__Instructions to follow__: Only the pictures are to be dropped; the rest of the data below is to be duplicated exactly.

__Dataset content__:

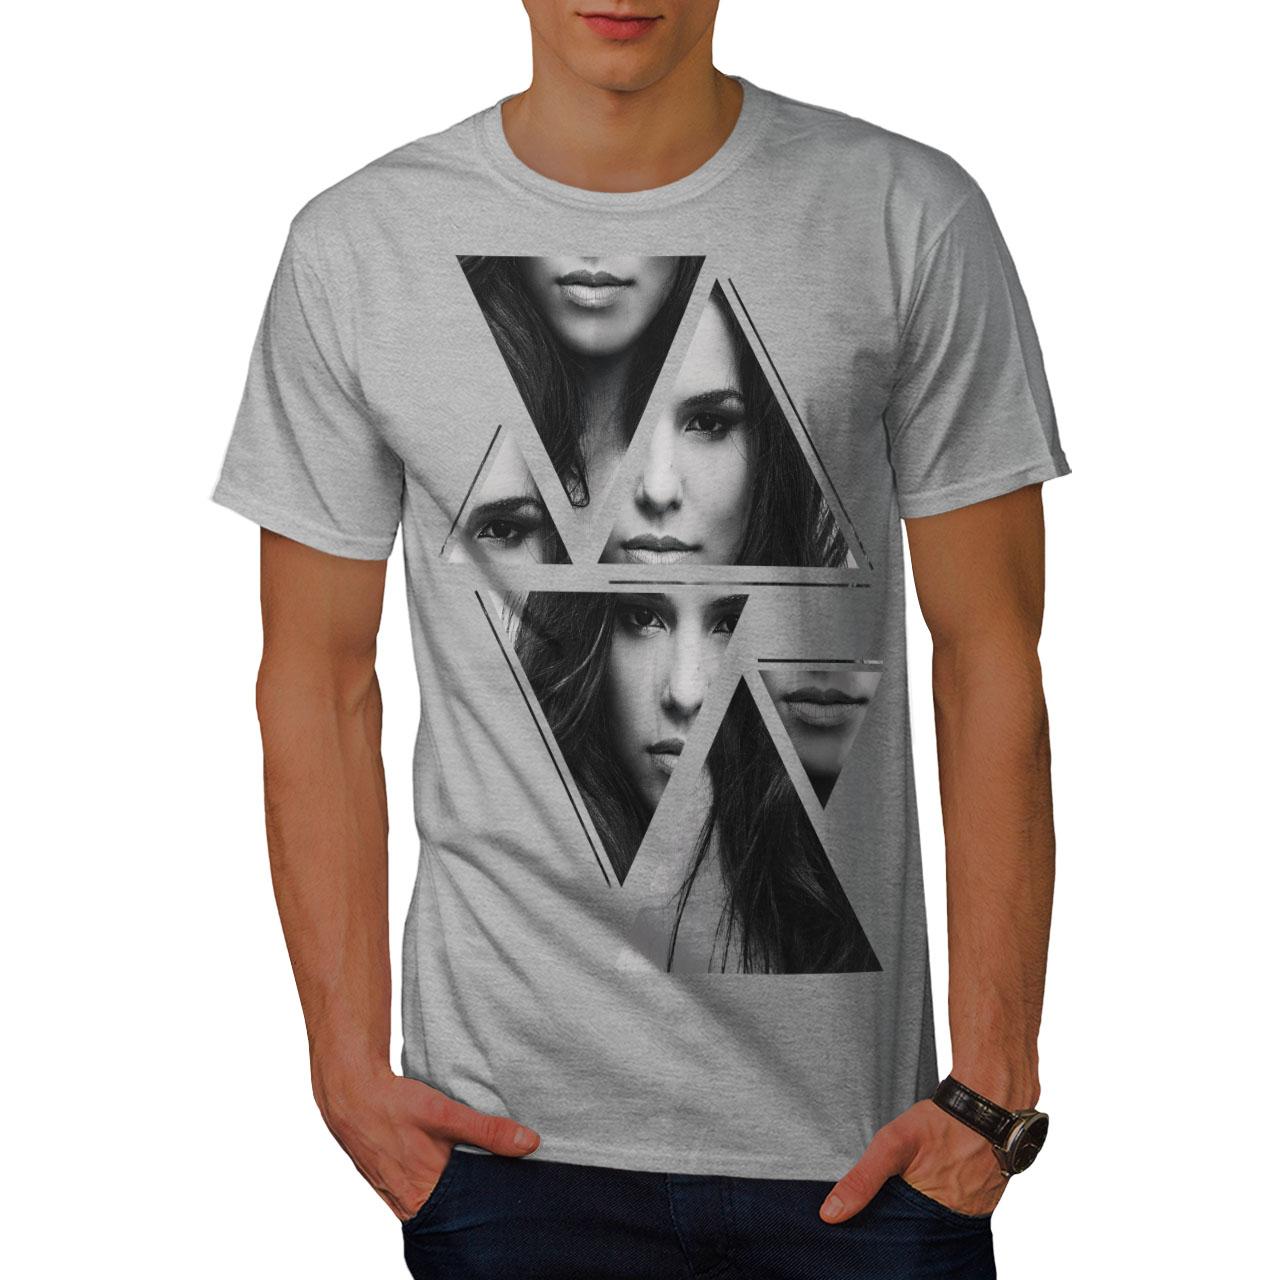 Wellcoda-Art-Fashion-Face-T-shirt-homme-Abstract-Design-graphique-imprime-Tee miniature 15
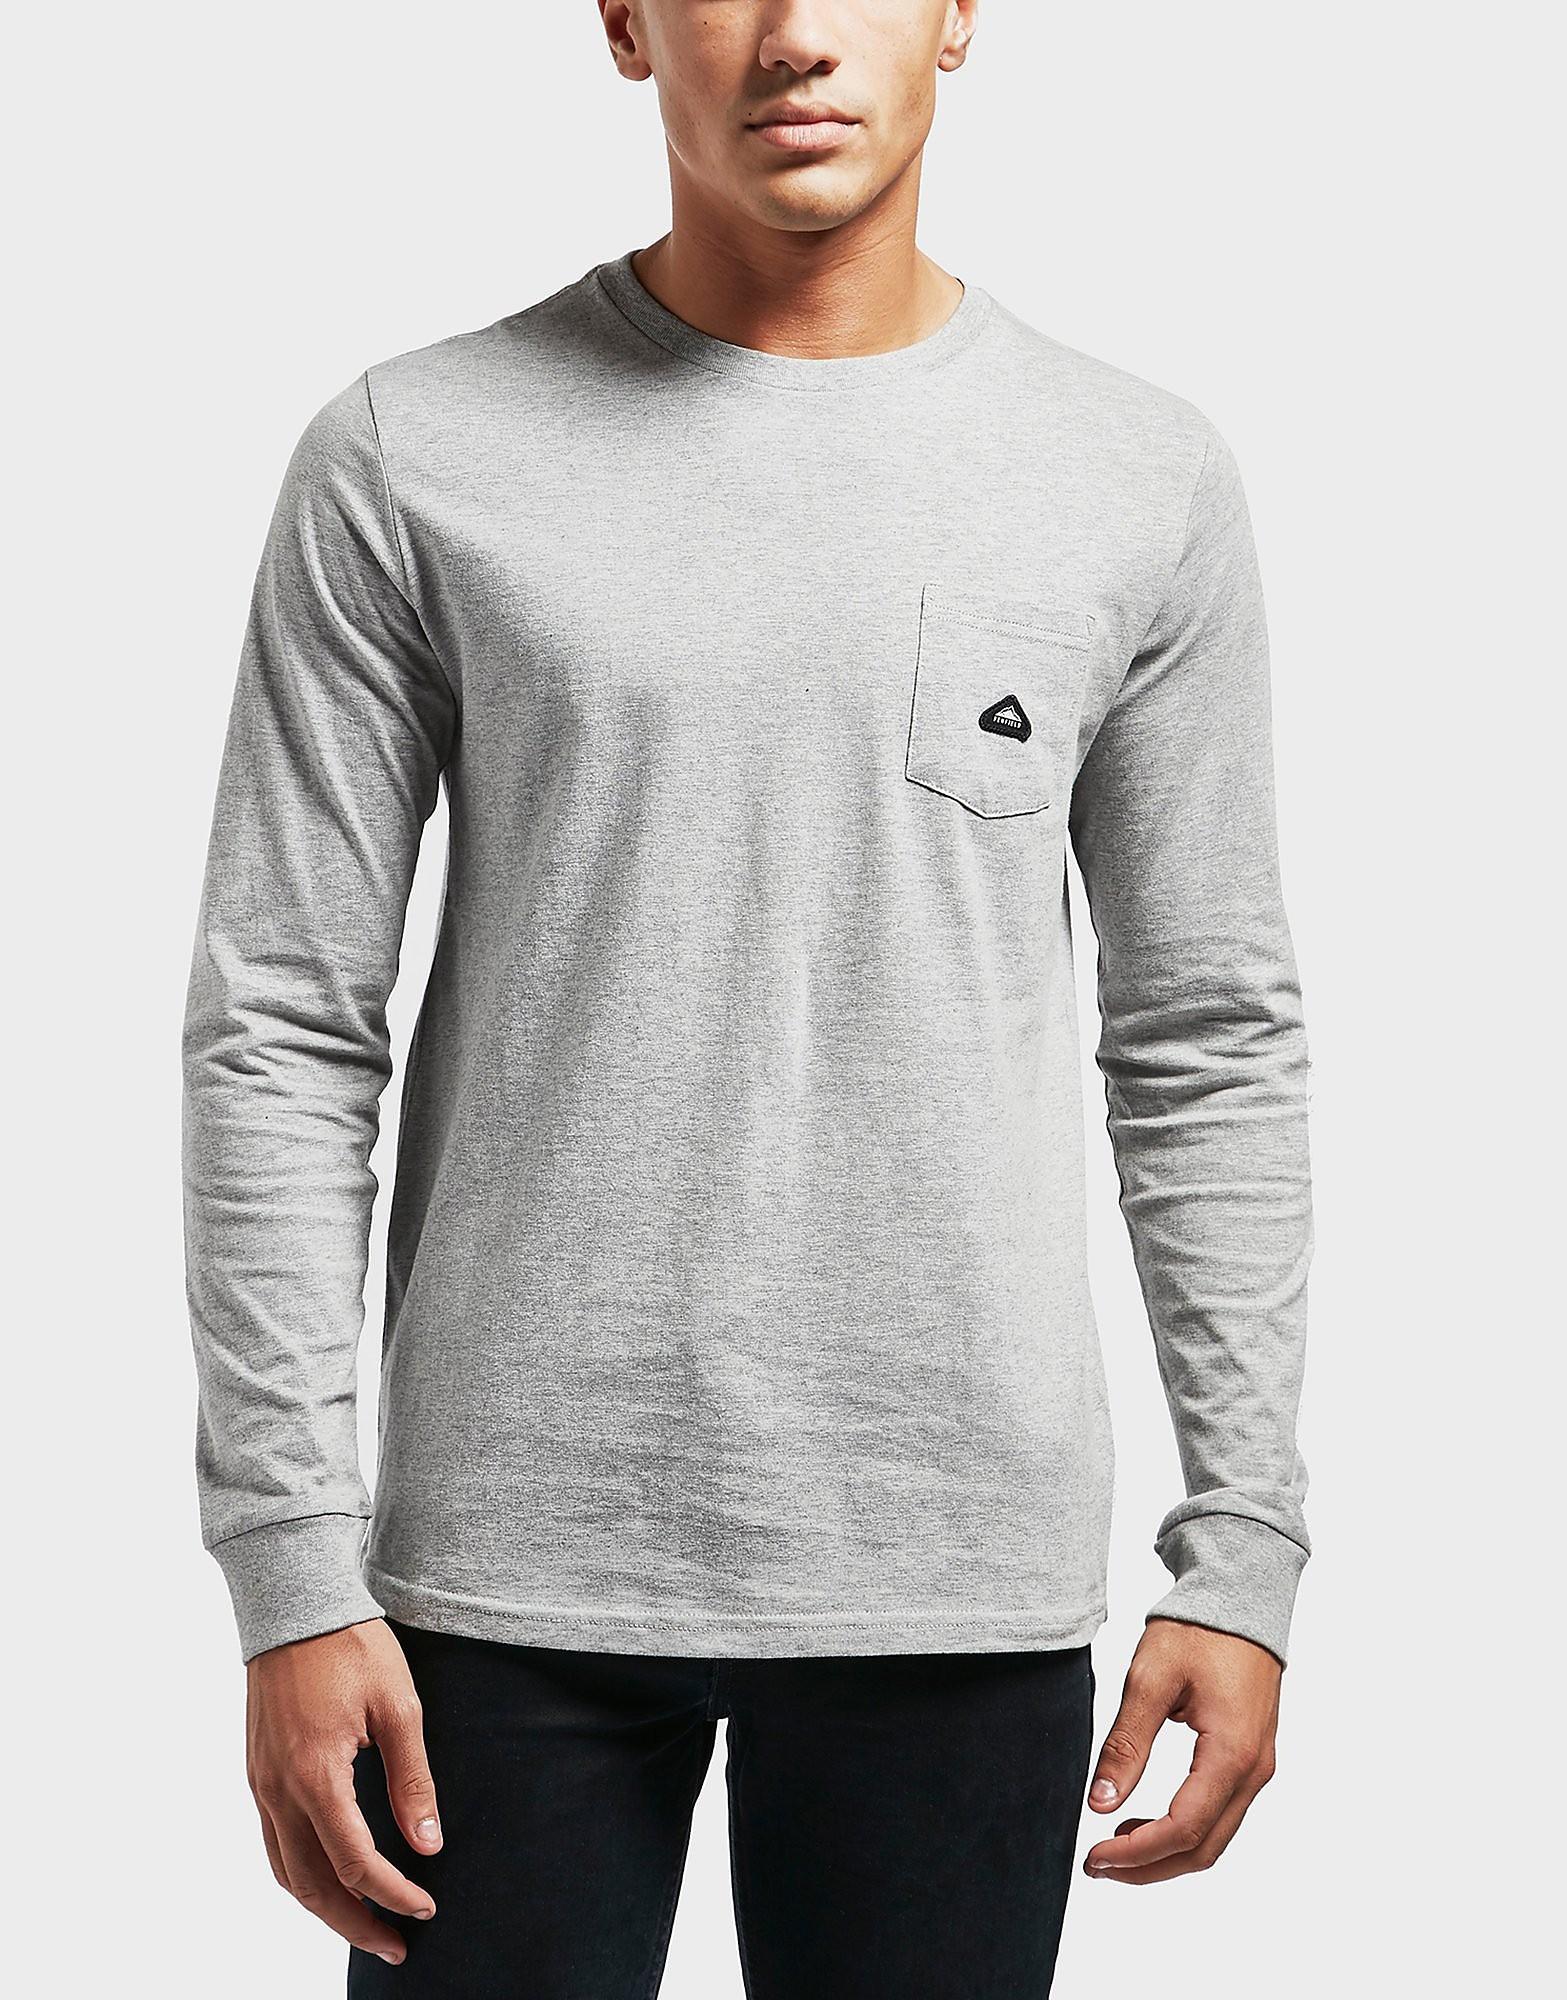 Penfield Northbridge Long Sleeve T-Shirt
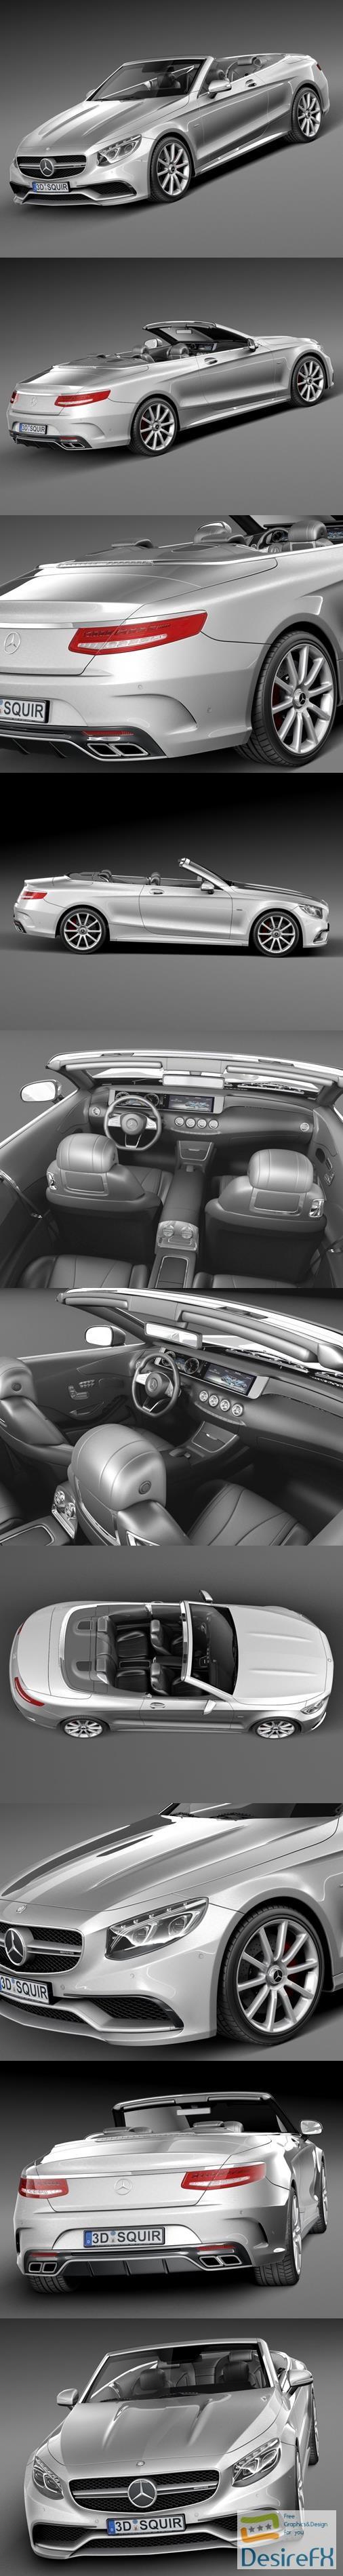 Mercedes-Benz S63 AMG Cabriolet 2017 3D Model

__Your response__:
 Wellcoda-Art-Fashion-Face-T-shirt-homme-Abstract-Design-graphique-imprime-Tee miniature 15
 Penfield Northbridge Long Sleeve T-Shirt
 Mercedes-Benz S63 AMG Cabriolet 2017 3D Model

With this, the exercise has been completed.